Credits: this notebook is taken with permission from the work:
- Machine Learning Pipelines with Modern Big Data Tools for High Energy Physics Comput Softw Big Sci 4, 8 (2020)
- Code and data at:https://github.com/cerndb/SparkDLTrigger
The model is a classifier implemented as Recurrent Neural Network
- input: 14 high-level features and an array of 801 particles with 19 low-level features, described in Topology classification with deep learning to improve real-time event selection at the LHC
- output: 3 classes, "W + jet", "QCD", "t tbar", see also Machine Learning Pipelines with Modern Big Data Tools for High Energy Physics Comput Softw Big Sci 4, 8 (2020)

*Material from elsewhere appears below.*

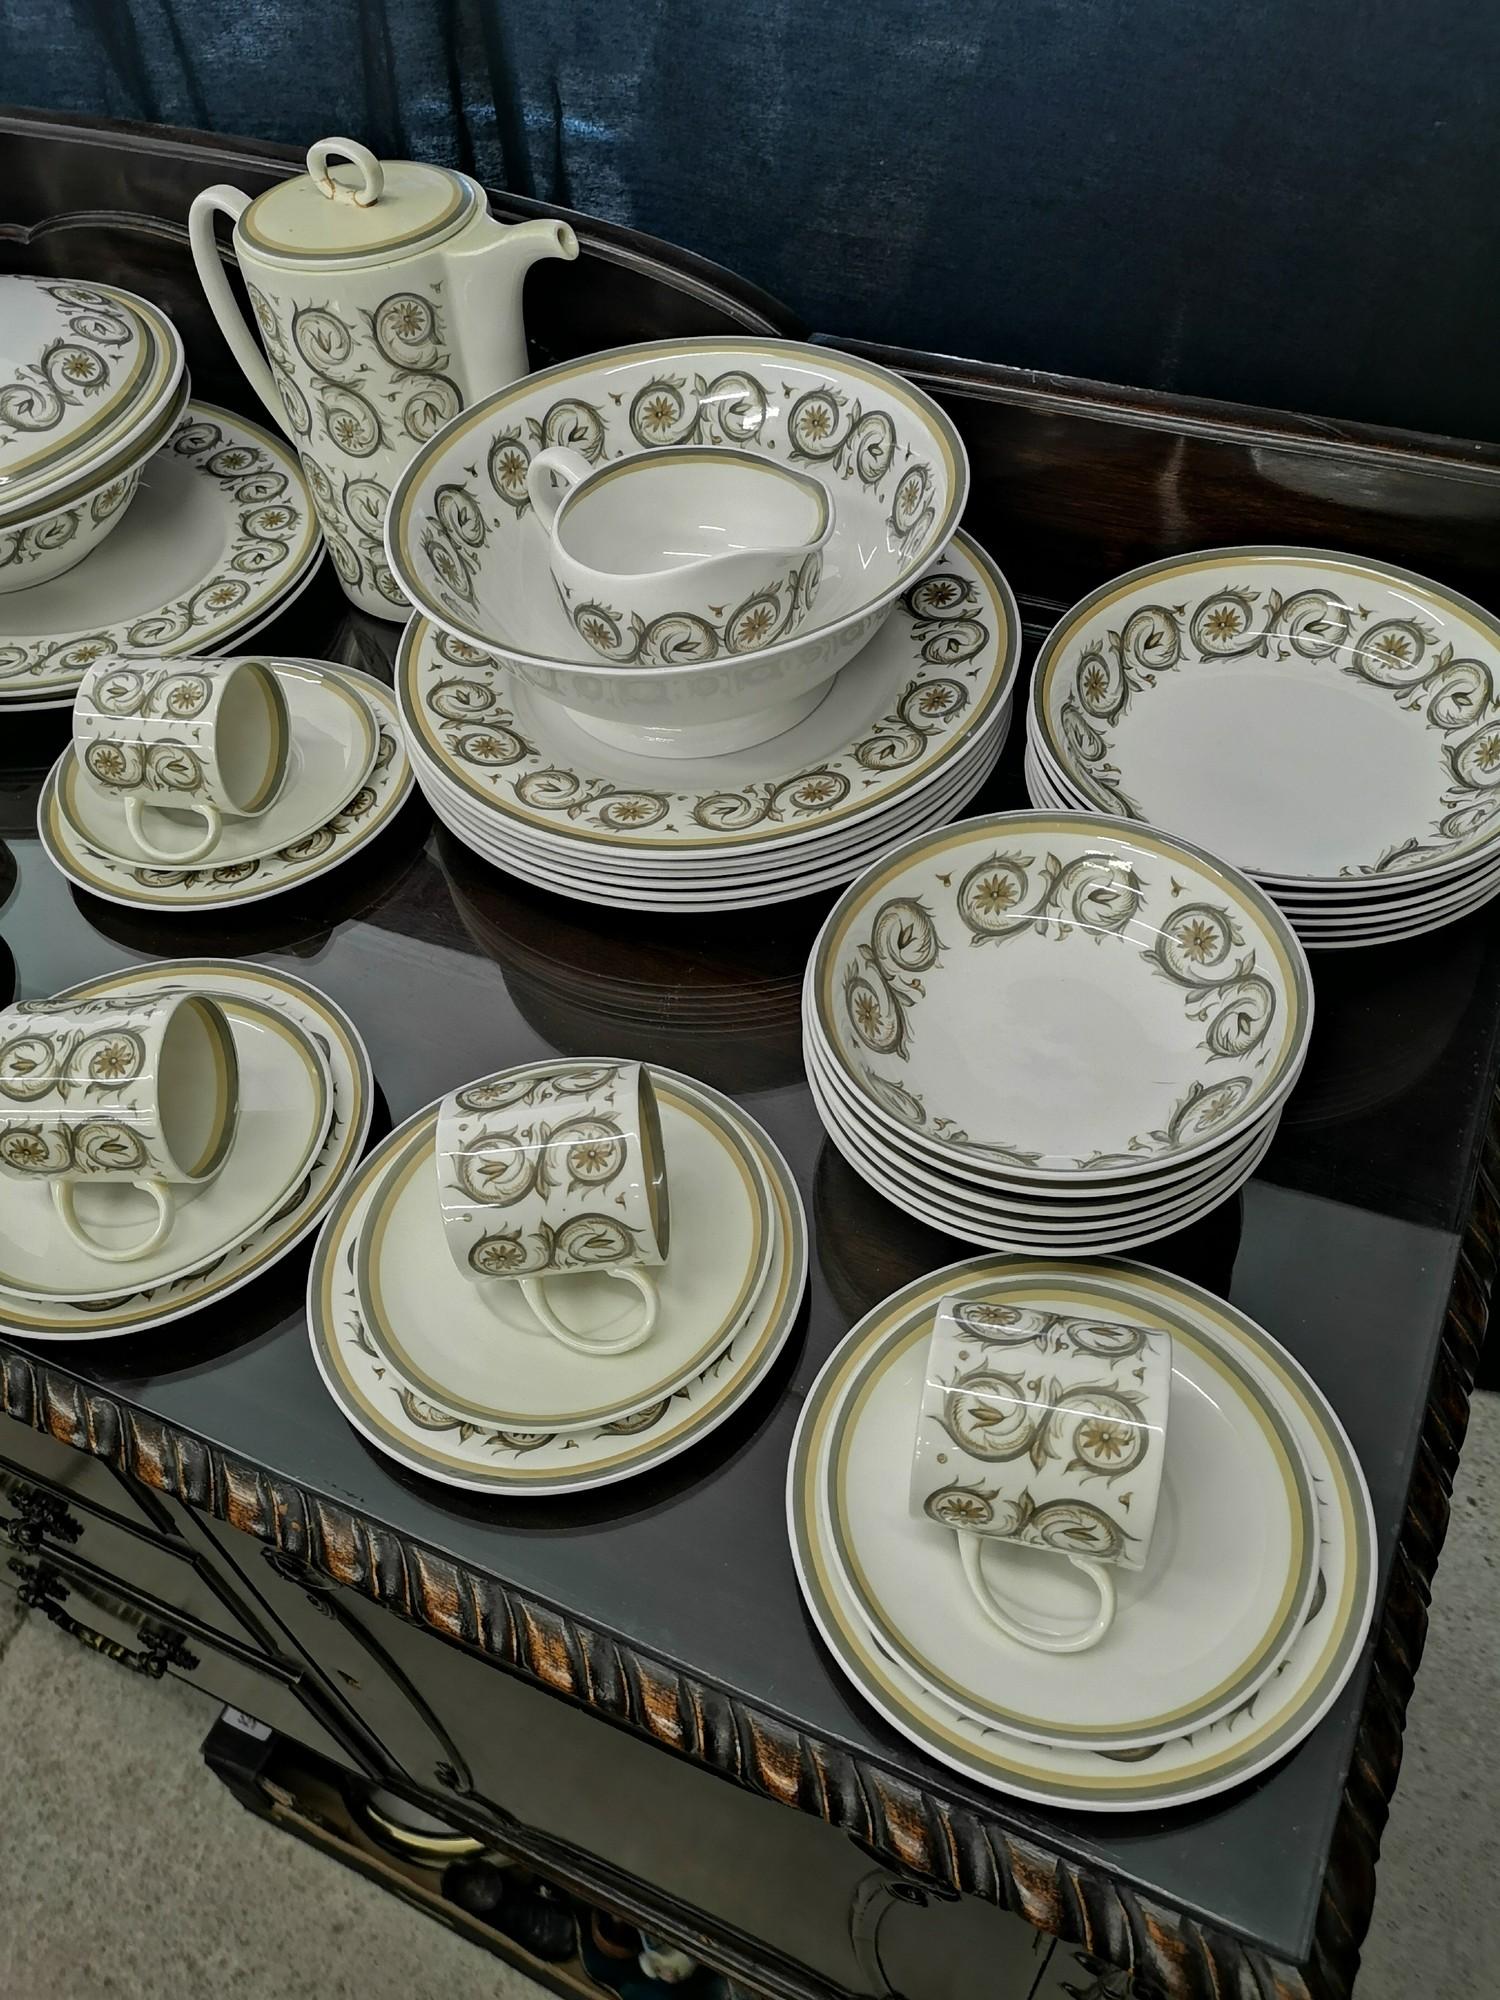 Large suzie Cooper retro venetia pattern tea & dinner service includes tureen tea pots etc. - Image 2 of 5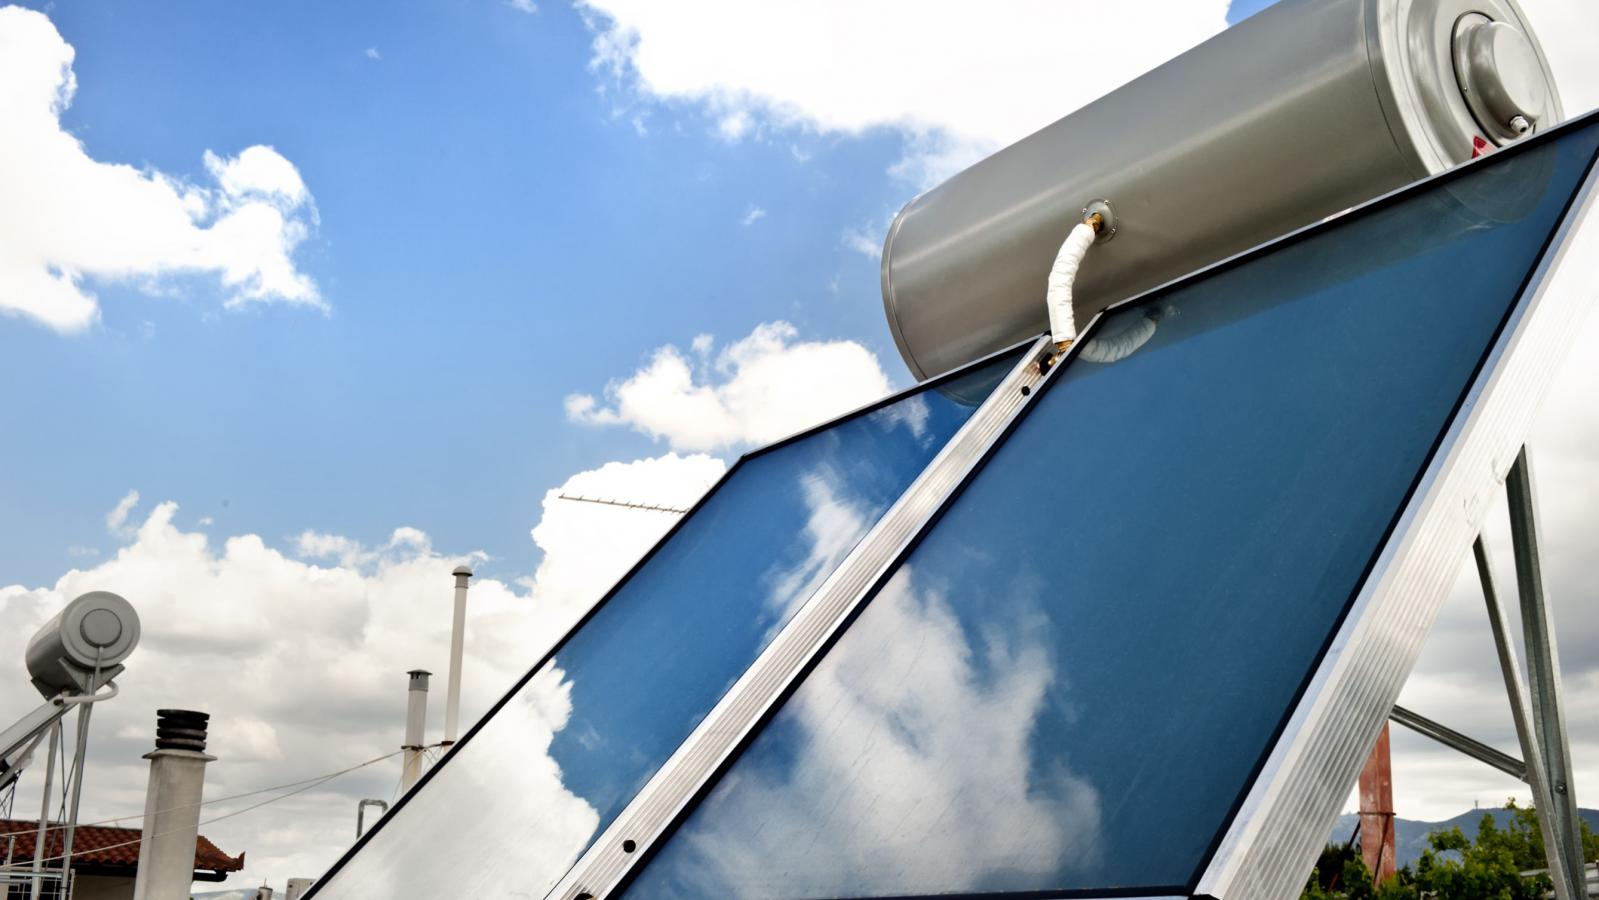 O ηλιακός θερμοσίφωνας αποτελεί μία απόλυτα ορθή επιλογή για μια κατοικία ώστε να αποκτήσει αυτή, εύκολα και απλά, ζεστό νερό χρήσης.

- Open dataset: download data
Create the Keras model for the inclusive classifier¶
In [1]:
import tensorflow as tf
import numpy as np
from tensorflow.keras.optimizers import Adam
from tensorflow.keras import Sequential, Input, Model
from tensorflow.keras.layers import Masking, Dense, Activation, GRU, Dropout, concatenate
In [2]:
tf.version.VERSION
Out[2]:
In [3]:
# Check that we have a GPU available
tf.config.list_physical_devices('GPU')
Out[3]:
In [4]:
## GRU branch
gru_input = Input(shape=(801,19), name='gru_input')
a = gru_input
a = Masking(mask_value=0.)(a)
a = GRU(units=50,activation='tanh')(a)
gruBranch = Dropout(0.2)(a)
In [5]:
hlf_input = Input(shape=(14,), name='hlf_input')
b = hlf_input
hlfBranch = Dropout(0.2)(b)
In [6]:
c = concatenate([gruBranch, hlfBranch])
c = Dense(25, activation='relu')(c)
output = Dense(3, activation='softmax')(c)
In [7]:
model = Model(inputs=[gru_input, hlf_input], outputs=output)
In [8]:
## Compile model
optimizer = 'Adam'
loss = 'categorical_crossentropy'
model.compile(loss=loss, optimizer=optimizer, metrics=["accuracy"] )
In [9]:
model.summary()
Load test and training data in TFRecord format, using tf.data and tf.io¶
In [10]:
# Download the datasets from
# ** https://github.com/cerndb/SparkDLTrigger/tree/master/Data **
#
# For CERN users, data is already available on EOS
FOLDER = "/eos/project/s/sparkdltrigger/public/"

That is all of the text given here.